ORANGE, Calif. — The Hilbert Museum of California Art at Chapman University, home to one of the largest collections of narrative art from the Golden State, has finally reopened its doors to the public after a three-year, $12 million redesign and expansion that tripled its square footage. Founded in 2016 with a donation of over $7 million in California art from Mark and Janet Hilbert, the museum focuses on local art and culture from the late 1800s to the present.
The museum’s collection comprises more than 5,000 works and prominently features California Scene Painting, a West Coast form of American Regionalism that developed from roughly the 1920s through the 1960s. It includes pastoral scenes of everyday life and breathtaking seaside vistas as well as dynamic depictions of the state’s rapidly growing urban spaces and freeways. Alongside these quotidian visions of California life, the Hilbert also focuses on artwork from the film world, highlighting work by artists and animators at Hollywood studios.
“We’re at the unique nexus of fine art and cinema art,” museum director Mary Platt told Hyperallergic. “This is what made California unique in the 20th century art world.”

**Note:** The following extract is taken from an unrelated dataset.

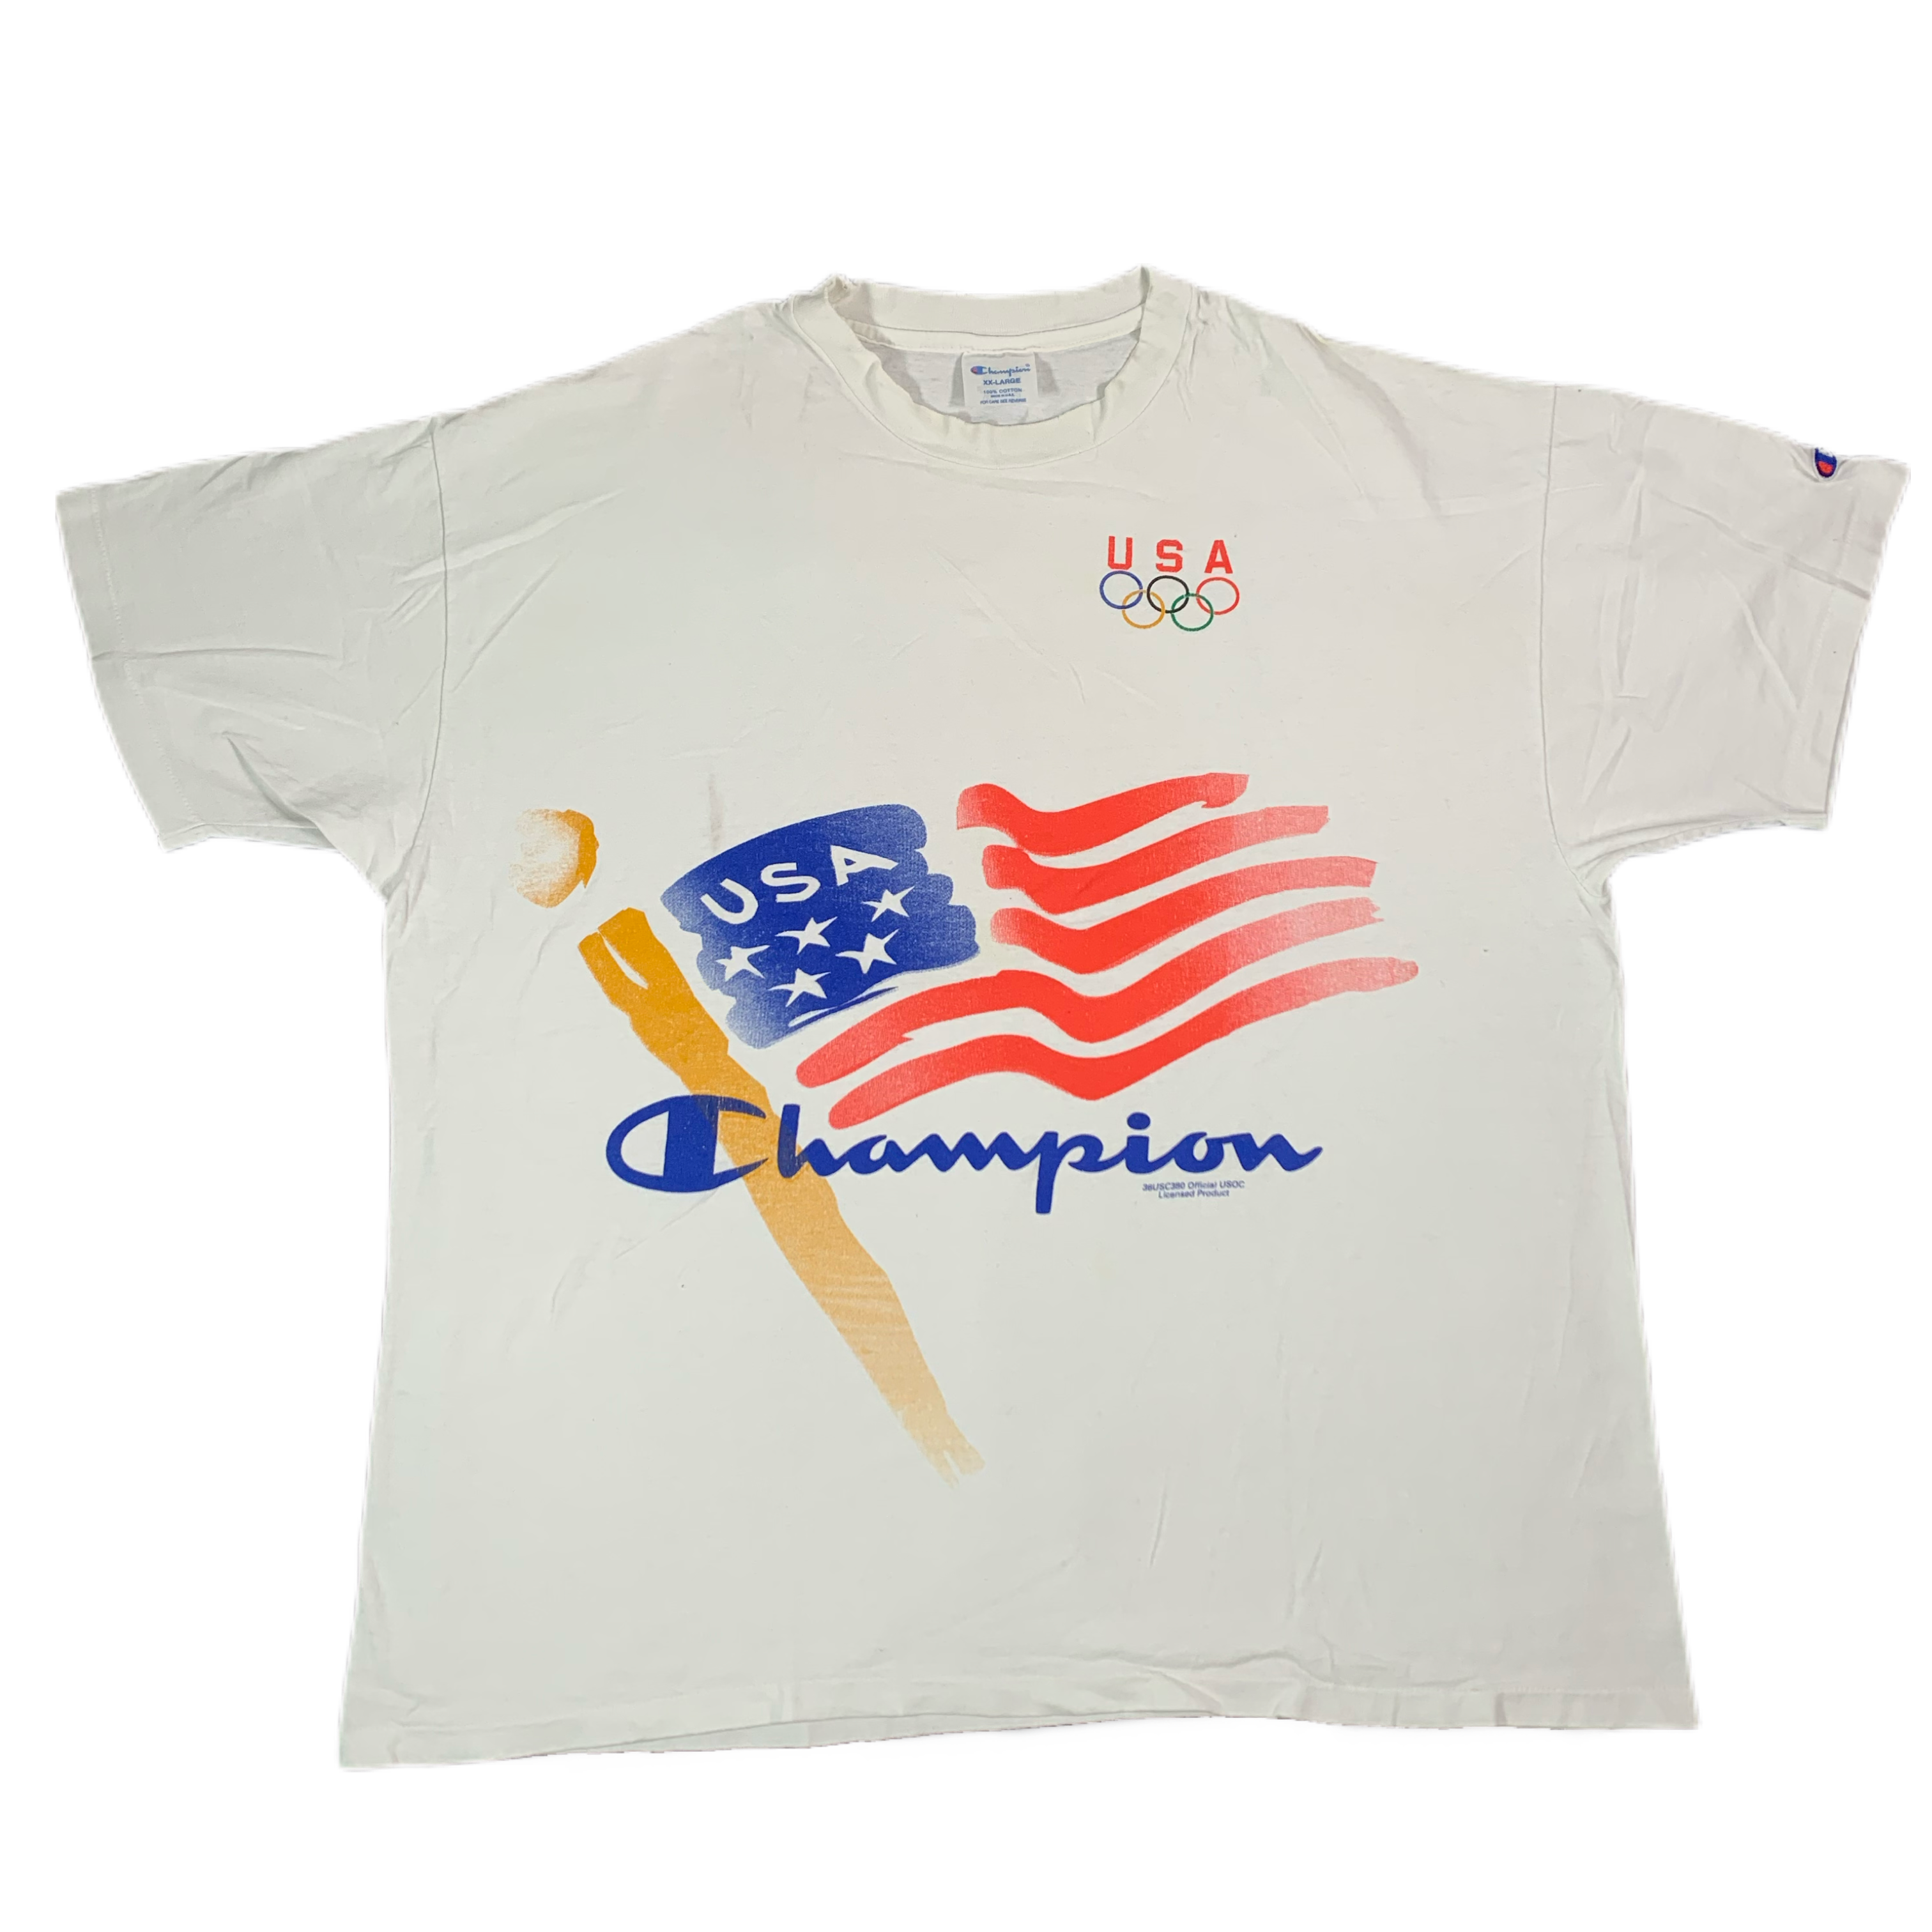 champion t shirt usa

The new redesign, led by architecture firm Johnston Marklee, not only expanded the museum from 7,500 to 22,000 square feet but also divided it into two buildings separated by a courtyard framed by an elevated structure. This structure showcases Millard Sheets’s 1969 mosaic “Pleasures Along the Beach,” which previously adorned a Home Savings and Loan branch in Santa Monica before it was removed and painstakingly restored by Brian Worley, who was on the team that fabricated the work over 50 years ago.

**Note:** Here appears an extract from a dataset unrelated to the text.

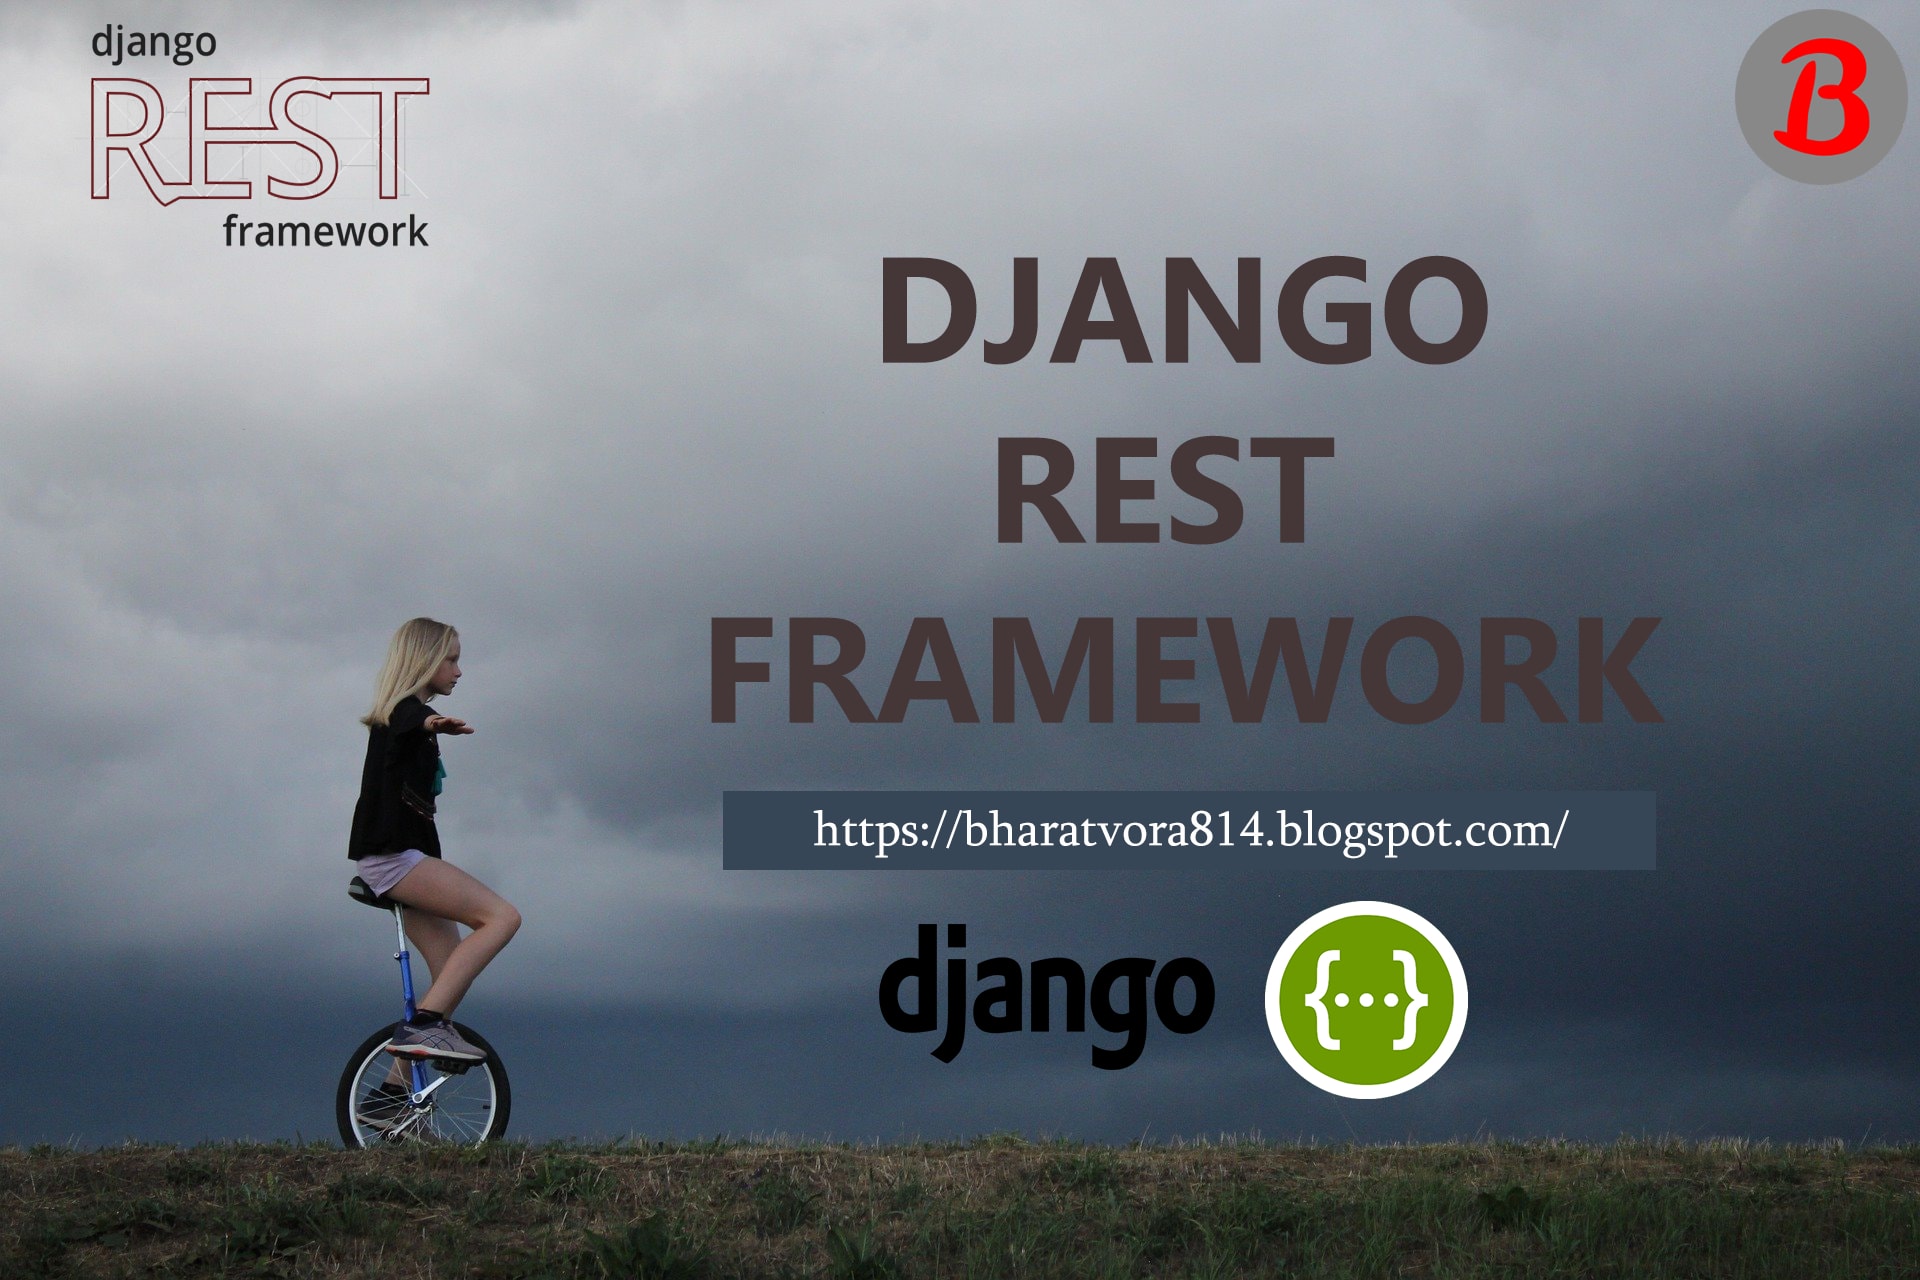 wagtail django rest framework

The Hilbert re-opened last month with nine exhibitions anchored by its permanent collection, a chronological presentation spanning the 1880s to the present. Examples of California Scene Painting by Fletcher Martin, Emil Kosa Jr., Millard Sheets, and other notable practitioners are updated with contemporary depictions of California life by Frank Romero, Sandow Birk, and Danny Galieote, whose masterful “Beach Bevy” (c. 2020) pays homage to Michelangelo’s unfinished “The Battle of Cascina.”

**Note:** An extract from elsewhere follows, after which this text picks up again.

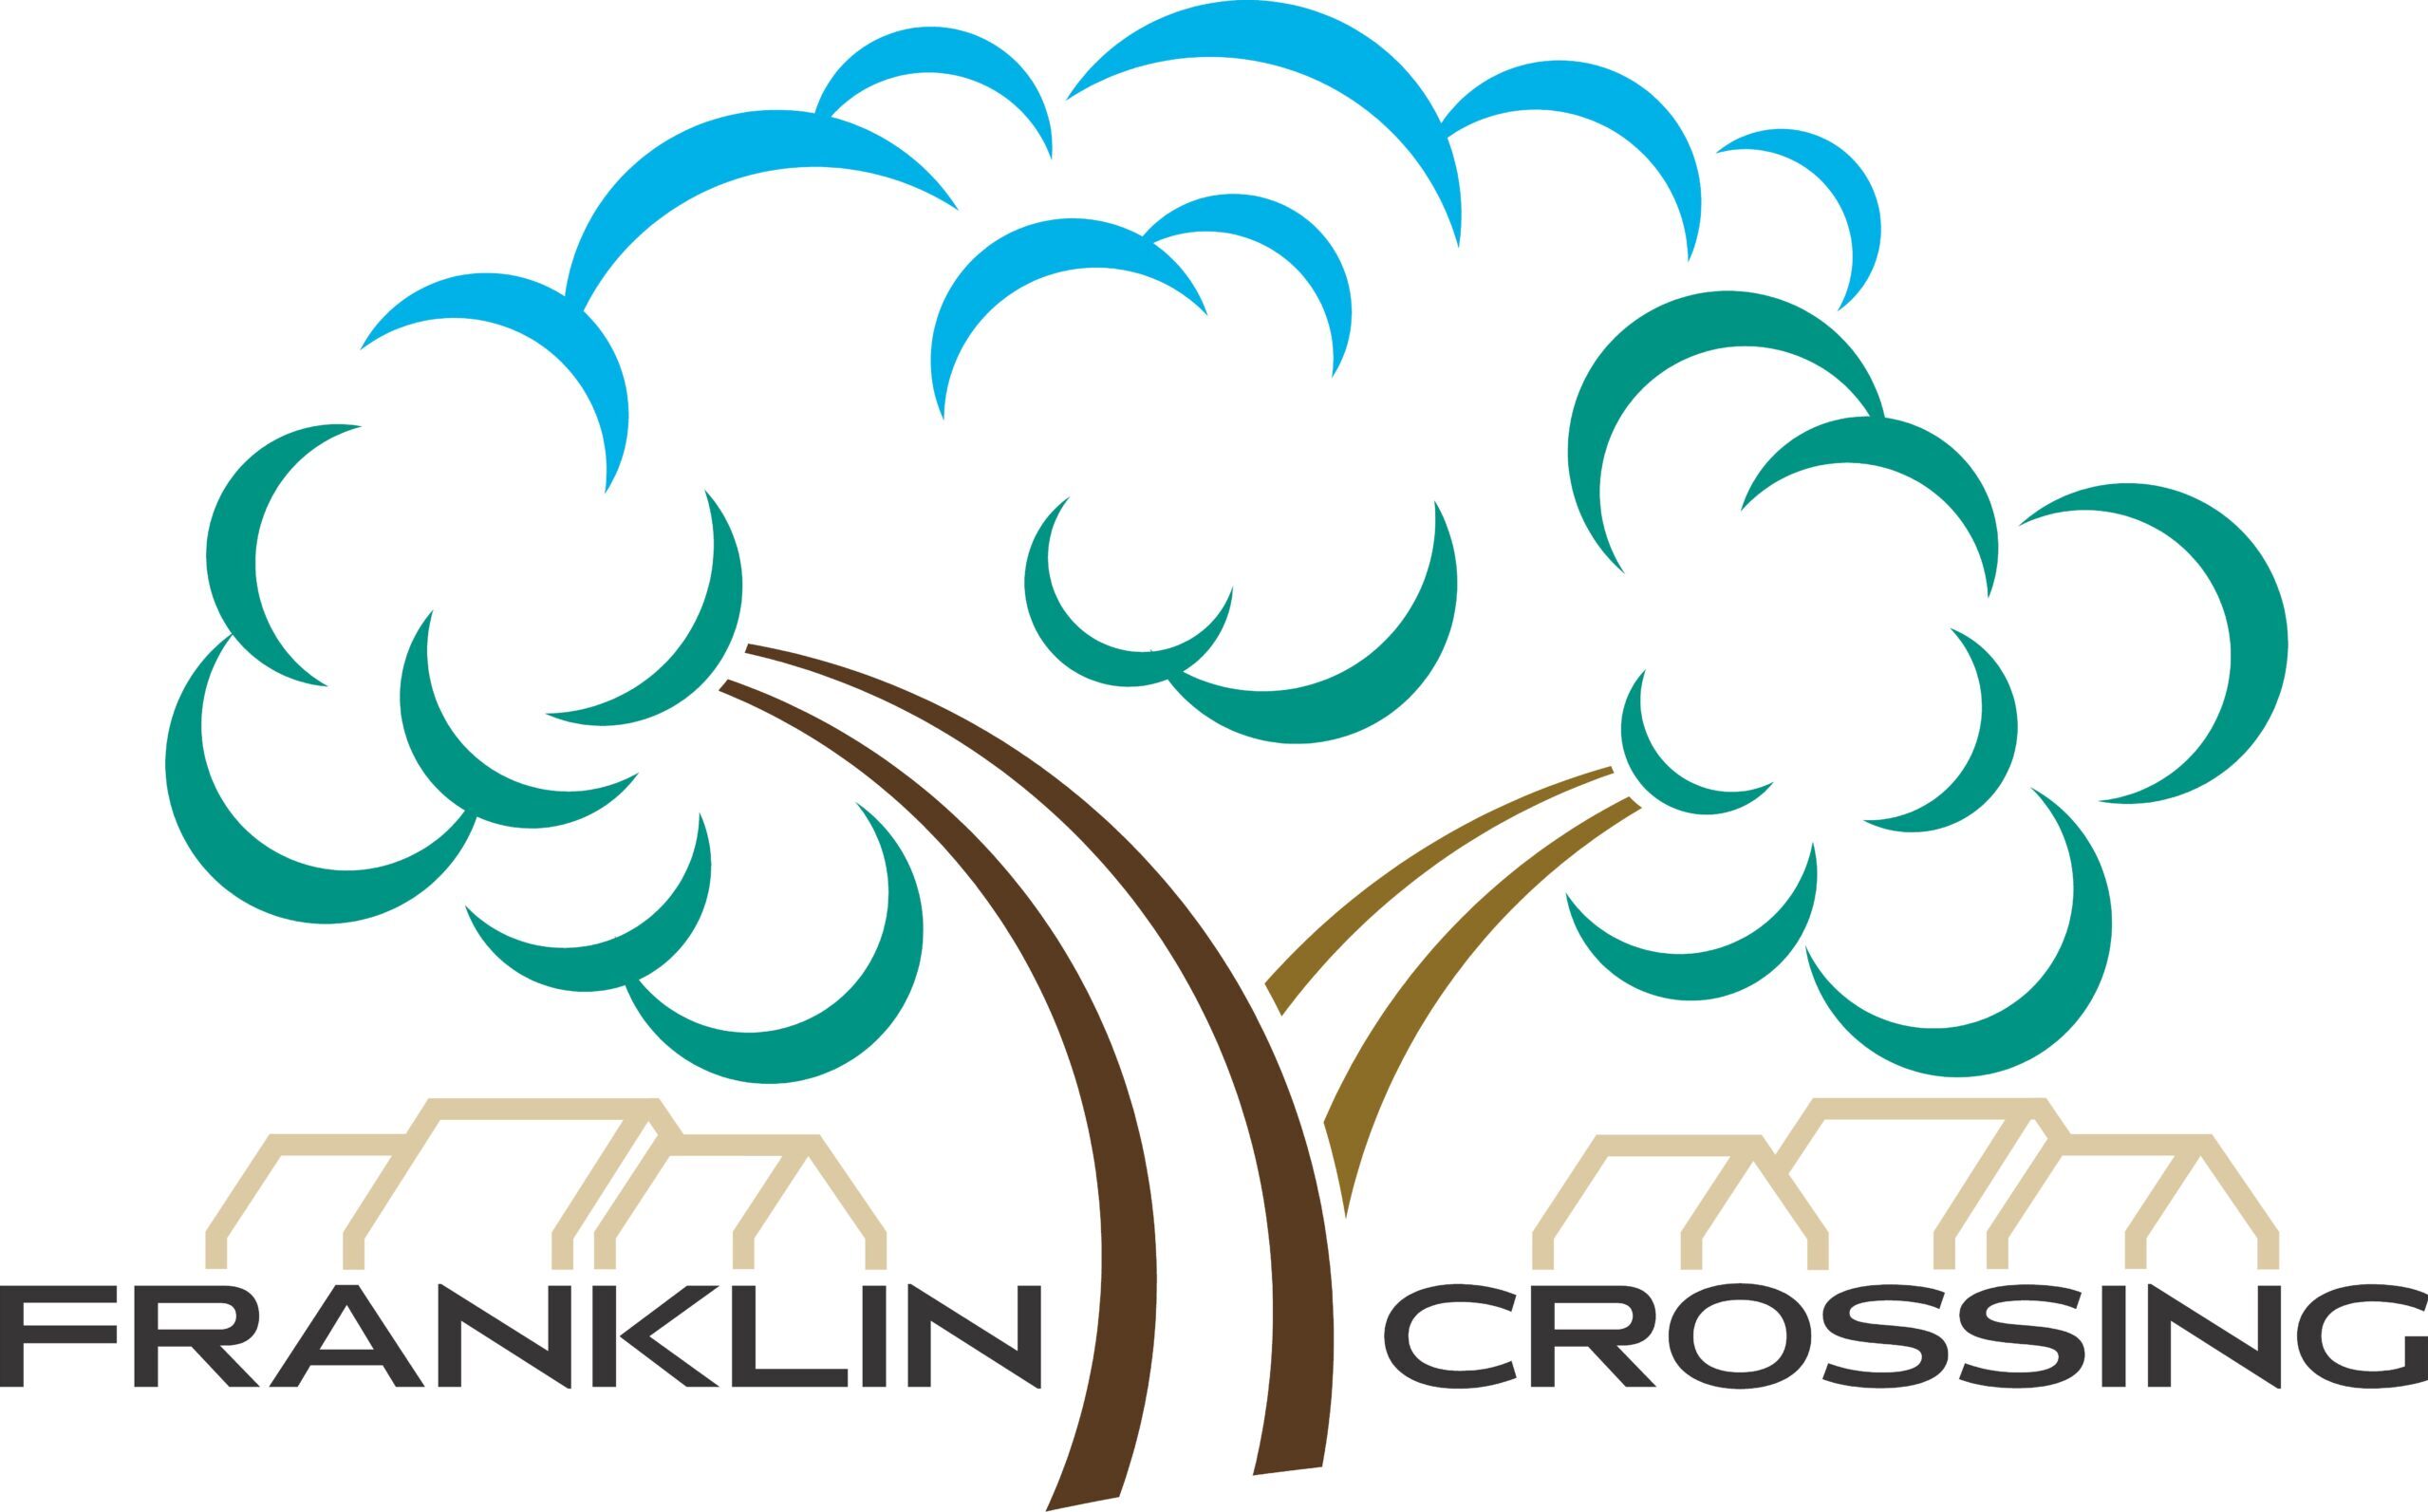 Franklin Crossing Neighbourhood Association

The group show A Matter of Style: Modernism in California Art showcases a heterogeneous selection of mid-century artists working in a range of styles. Featuring visionary artist Agnes Pelton, hard-edge abstractionists Helen Lundberg and Karl Benjamin, and striking wood engravings by Paul Landacre, the exhibition portrays a multiplicity of California modernisms rather than a single strand. Among the highlights is a whimsical scene, “Untitled (Fantasy)” (1950s), by Kosa Jr., a well-known California Scene Painter and Hollywood studio artist who created the 20th-century Fox “searchlight” logo and a matte painting of the dilapidated Statue of Liberty for Planet of the Apes (1968). Platt surmises this might have been a concept sketch for the 1959 sci-fi film Journey to the Center of the Earth.
“Artists were at the film studios Monday through Friday, but on the weekend, they would paint to their hearts’ content,” Platt said.
This artistic breadth is also explored in solo shows focused on Norman Rockwell, Millard Sheets, and Mary Blair, the Disney artist and animator who worked on Alice in Wonderland (1951), Cinderella (1950), Peter Pan (1953), and the visionary Disneyland ride “It’s a Small World,” which debuted at the 1964 World’s Fair in Queens.
Platt says representing the OC is an important part of the museum’s mission, so two galleries will have a “hyperlocal” focus dedicated to an artist from the area, beginning with the late Emigdio Vasquez, whose oil paintings depict pachuco culture, rendering zoot suits, lowrider cars, pool halls, and night clubs in painstaking detail. His painting of a bowl of menudo portrays the traditional Sunday meal in many Mexican and Mexican-American households with the reverence of an Old Master still life. Notably, a gorgeously restored mural by Vasquez, “El Proletariado de Aztlán” (1979), is located just blocks from the museum.
As the museum is built around the Hilbert’s collection, it also features exhibitions on their other interests, such as Navajo weavings and mid-century radios, tangential subjects that offer complementary windows onto material culture.
Although the OC may not be associated with high culture in the popular imagination, the area boasts several arts institutions, including the Orange County Museum of Art, the Bowers Museum, and the Grand Central Art Center in Santa Ana. Rather than rivalry, Platt sees only opportunities for collaboration between the reopened Hilbert and neighboring art spaces: “We’re all working together to make the OC an art destination.”